### AVAILABLE DATA

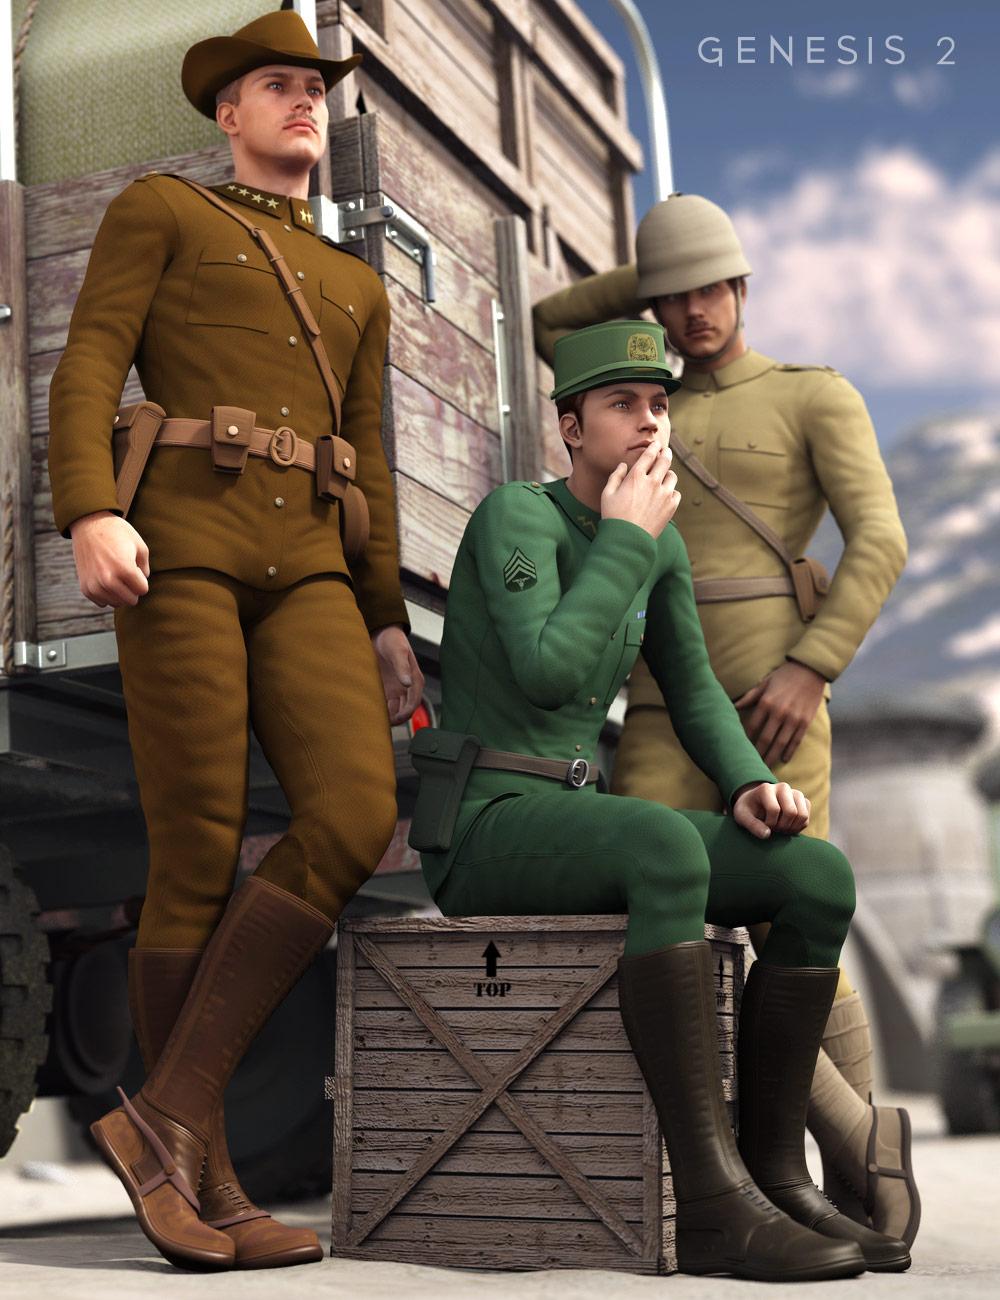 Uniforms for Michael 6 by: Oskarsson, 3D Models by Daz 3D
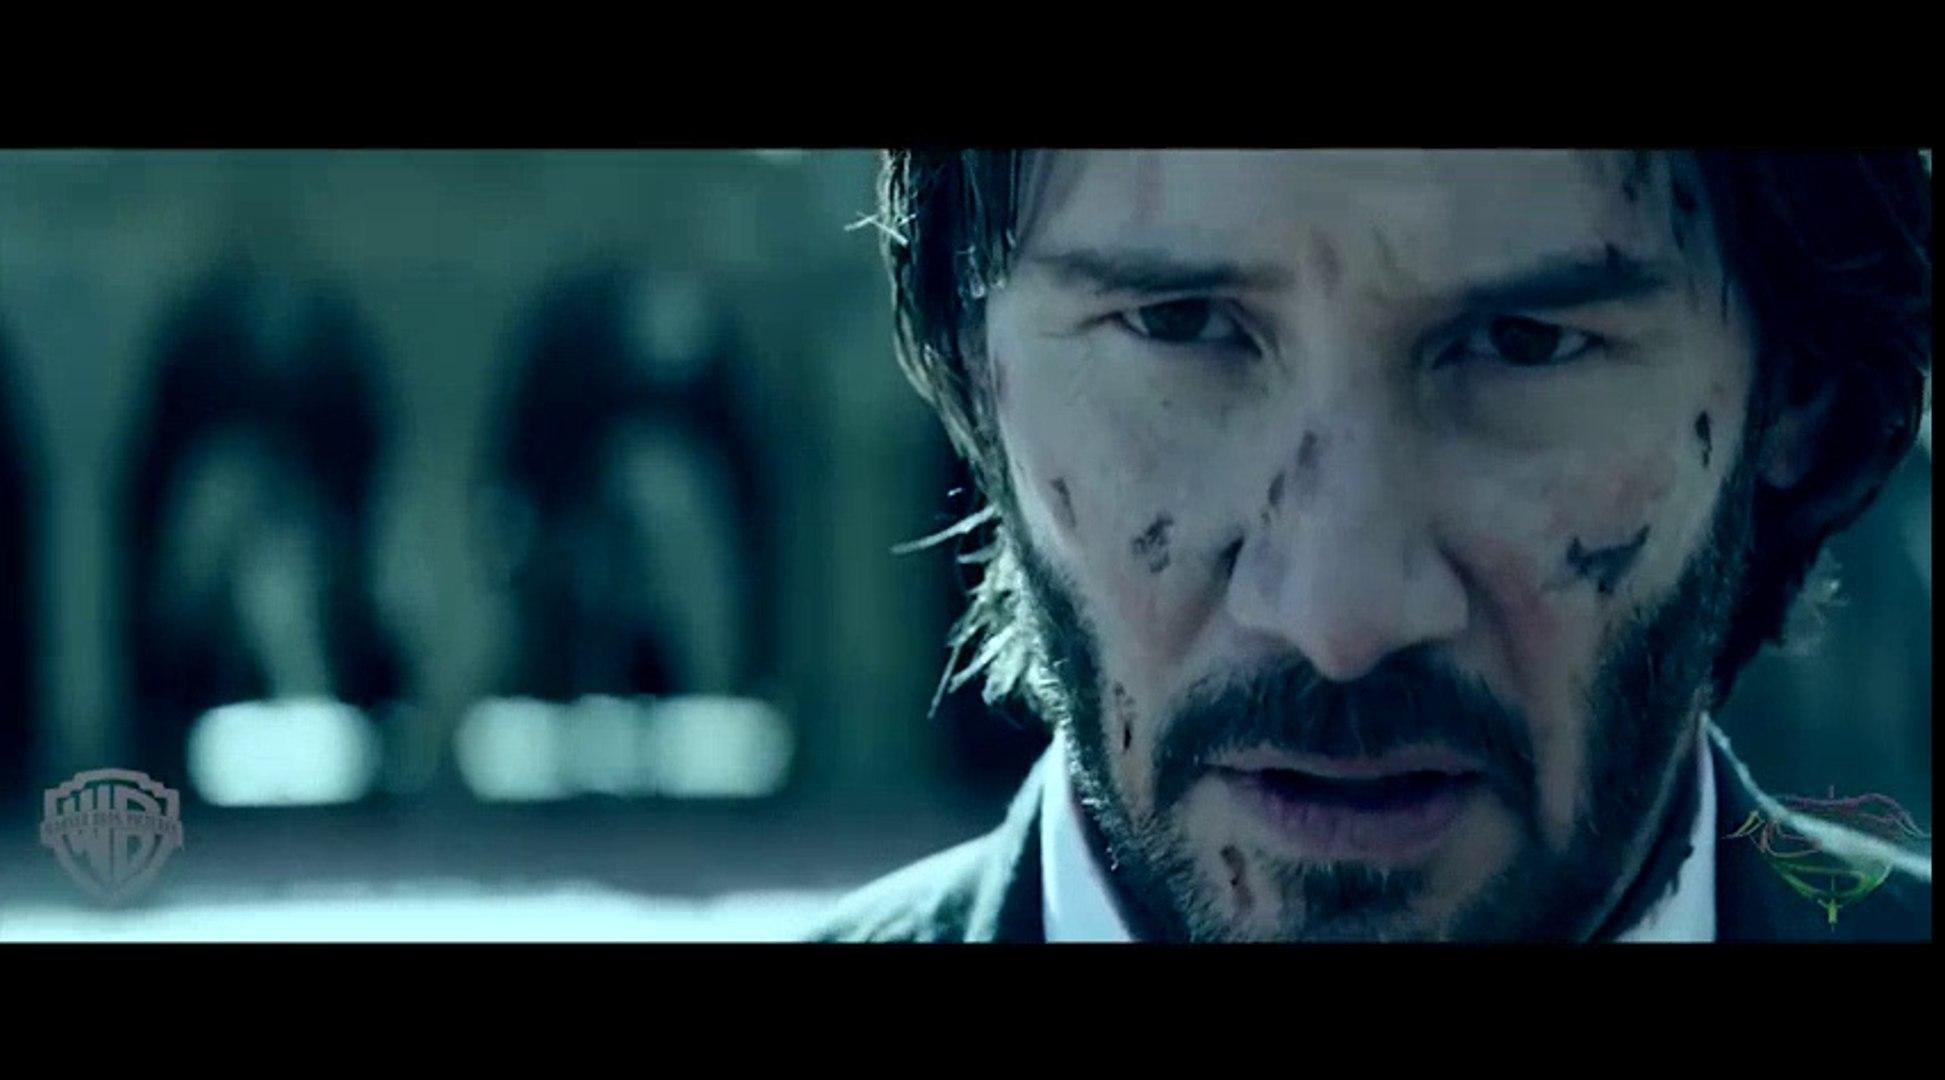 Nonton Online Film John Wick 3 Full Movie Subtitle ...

######
### AVAILABLE DATA

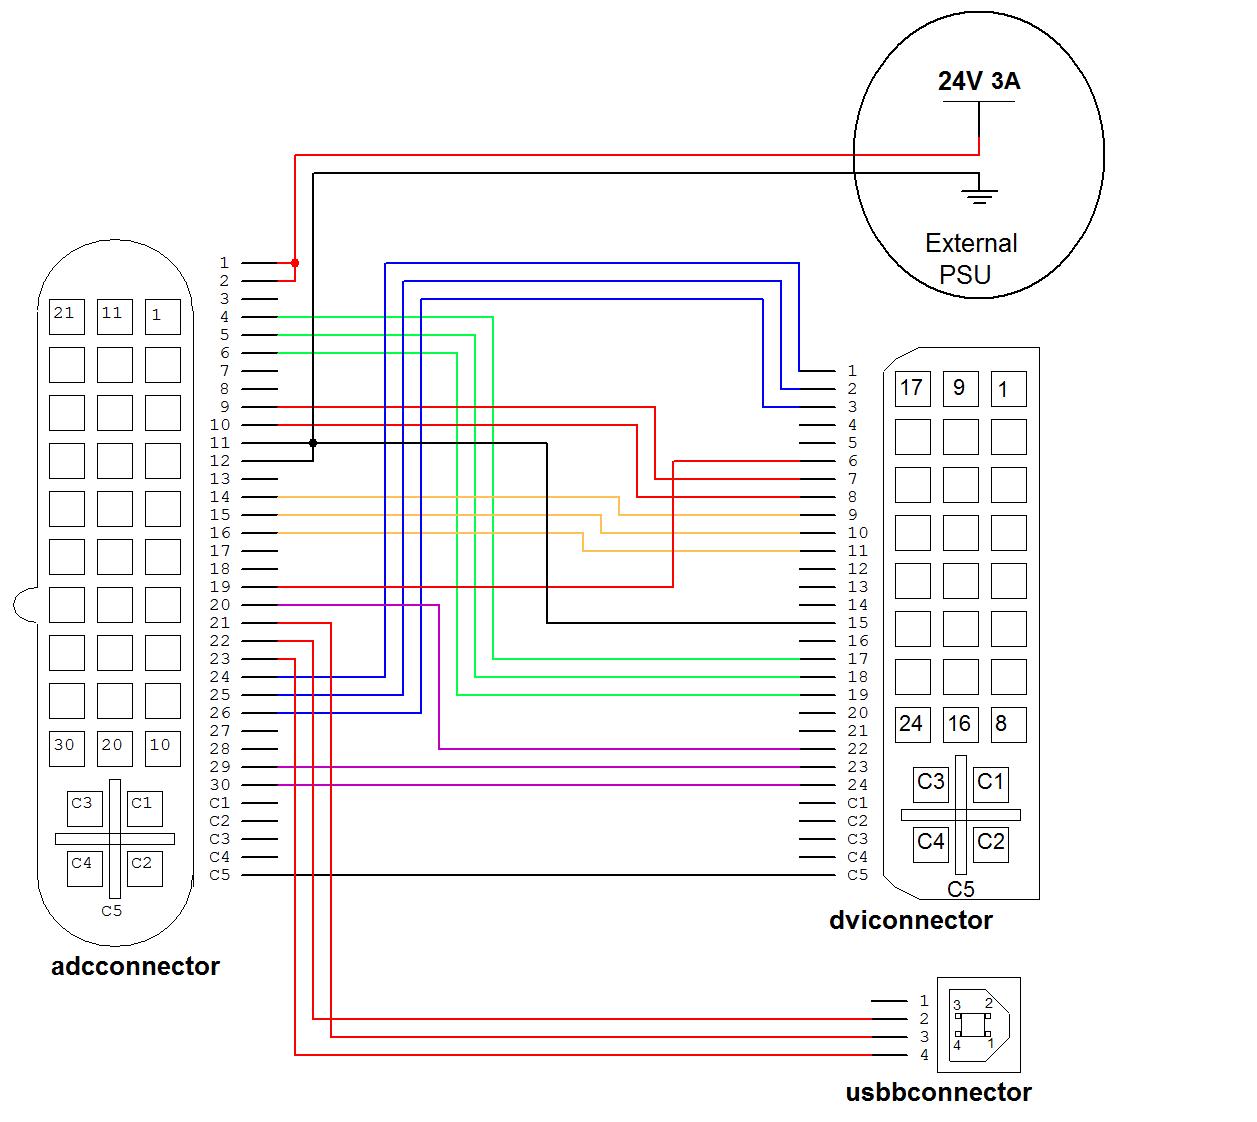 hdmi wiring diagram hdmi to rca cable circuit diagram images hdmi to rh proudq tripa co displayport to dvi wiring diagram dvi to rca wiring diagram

######

→ **WHAT THE TASK ASKS**
Above are some entries. Restate word for word the lines from the one holding "Uniforms for Michael" through the one holding "Nonton Online Film", but not the pictures.

→ **TASK OUTPUT**
 Uniforms for Michael 6 by: Oskarsson, 3D Models by Daz 3D
 Nonton Online Film John Wick 3 Full Movie Subtitle ...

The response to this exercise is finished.